Guerras de religião não são uma novidade. São muito poucas as religiões que não se arrogam o direito de impor o seu credo a todos. No Brasil, agora, a antes latente e pouco visível disputa pelas almas chegou escancaradamente à TV.
De um lado, a Rede Globo exibe a minissérie Decadência que, embora a emissora negue, traça um perfil nada abonador dos evangélicos, visando a atacar especialmente o bispo Edir Macedo. Na Record, ligada a Macedo, um pastor da Assembléia de Deus desafia: "Um recado aos herdeiros do império da Rede Globo: um dia, neste país, os evangélicos vão ser a maioria".

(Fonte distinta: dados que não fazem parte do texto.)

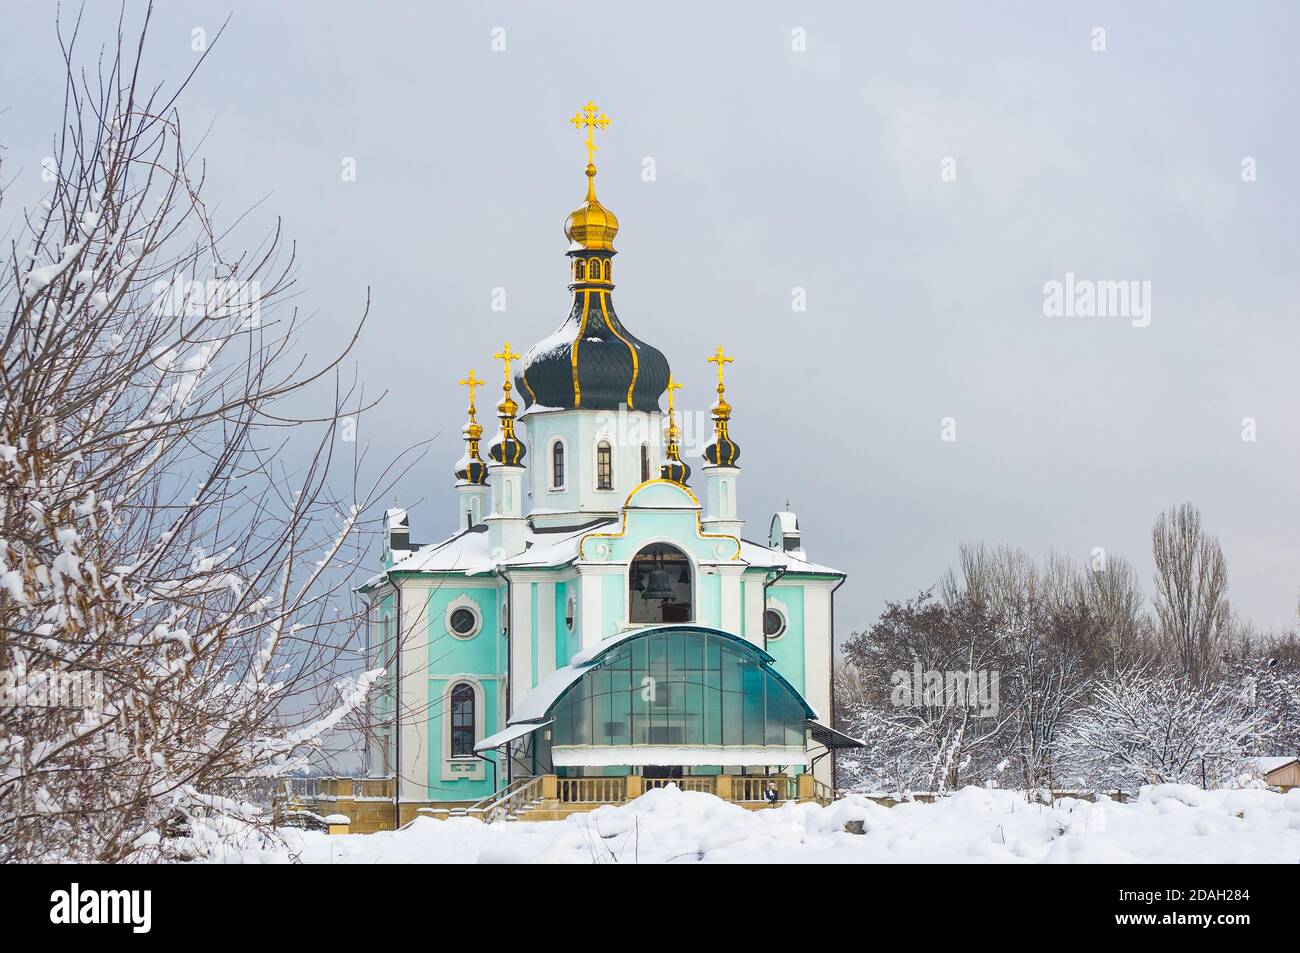 Winter landscape - Orthodox church in the snow among trees on a cold frosty day Stock Photo
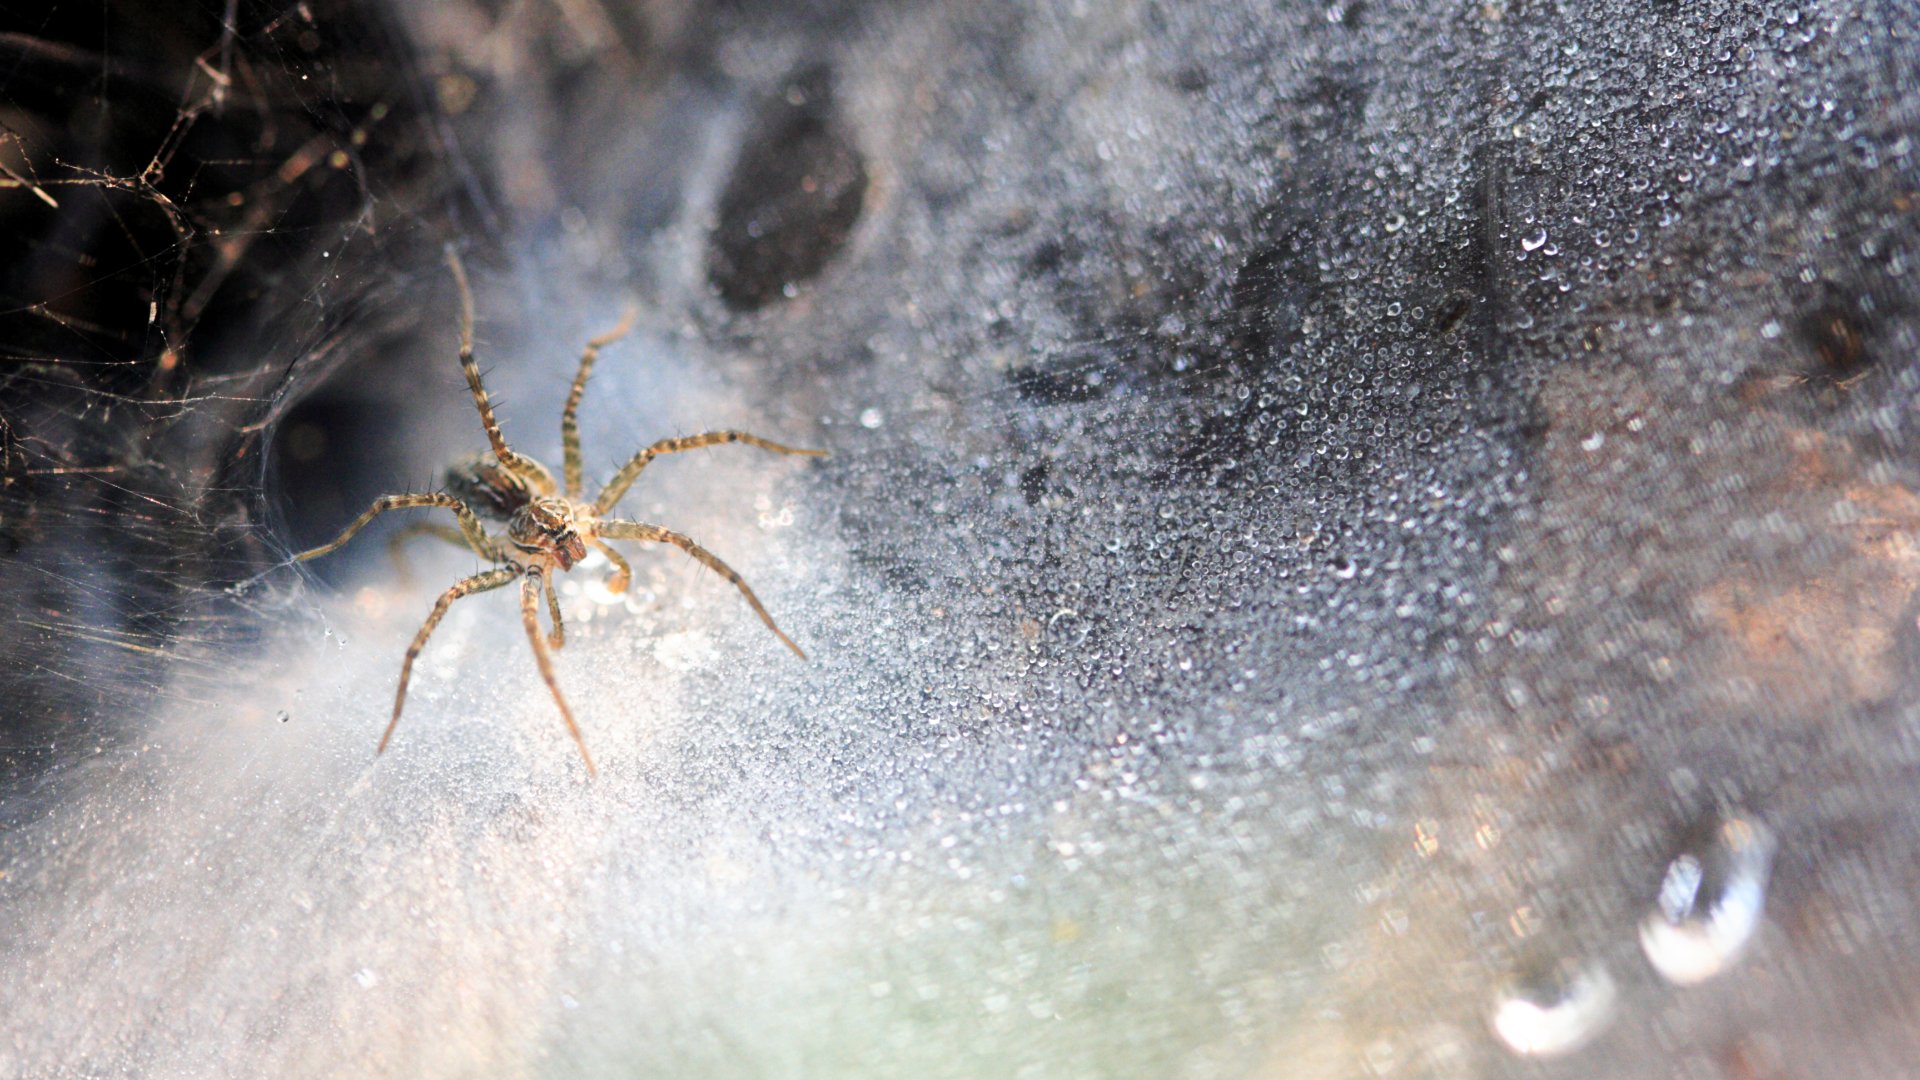 How to Prevent Spiders From Making Your Home Their Home

Que o debate religioso chegue à TV no Brasil é até um fato positivo. Menos positivo é que esse debate não se trave de uma forma transparente e elucidativa, mas sim de acordo com os interesses particulares dos proprietários de cada uma das redes envolvidas.
Do episódio, pode-se concluir que ambos os lados acertam em cheio o adversário em suas críticas. Edir Macedo, prometendo toda a espécie de "milagres", pretende lotar, no próximo dia 17, a maior casa de espetáculos de Nova York, recebendo generosos dízimos.
O pastor da Assembléia de Deus está correto ao afirmar que os evangélicos têm o direito à confissão de credo, garantido pela Constituição, nos limites da lei. Resta saber se prometer o que não pode ser cumprido está ou não nos limites da lei. Também é inegável que os movimentos evangélicos estão crescendo no Brasil, a ponto de preocupar o próprio papa.
As razões para esse fenômeno são múltiplas e complexas, mas, grosso modo, passam por uma certa apatia da Igreja Católica que não tem sabido acompanhar os novos tempos e pelo caráter extremamente imediático do evangelismo (pagou ganhou, é fácil de entender, e está em perfeita sintonia com o mundo contemporâneo).
De todo esse episódio, é de se lamentar que as igrejas, em suas ambições universalizantes, usem do proselitismo e da propaganda -em seu pior sentido- para tentar impor seu credo a todos. A escolha da religião a ser seguida (ou mesmo o ateísmo ou o agnosticismo) é ou deveria ser uma decisão de foro íntimo de cada cidadão.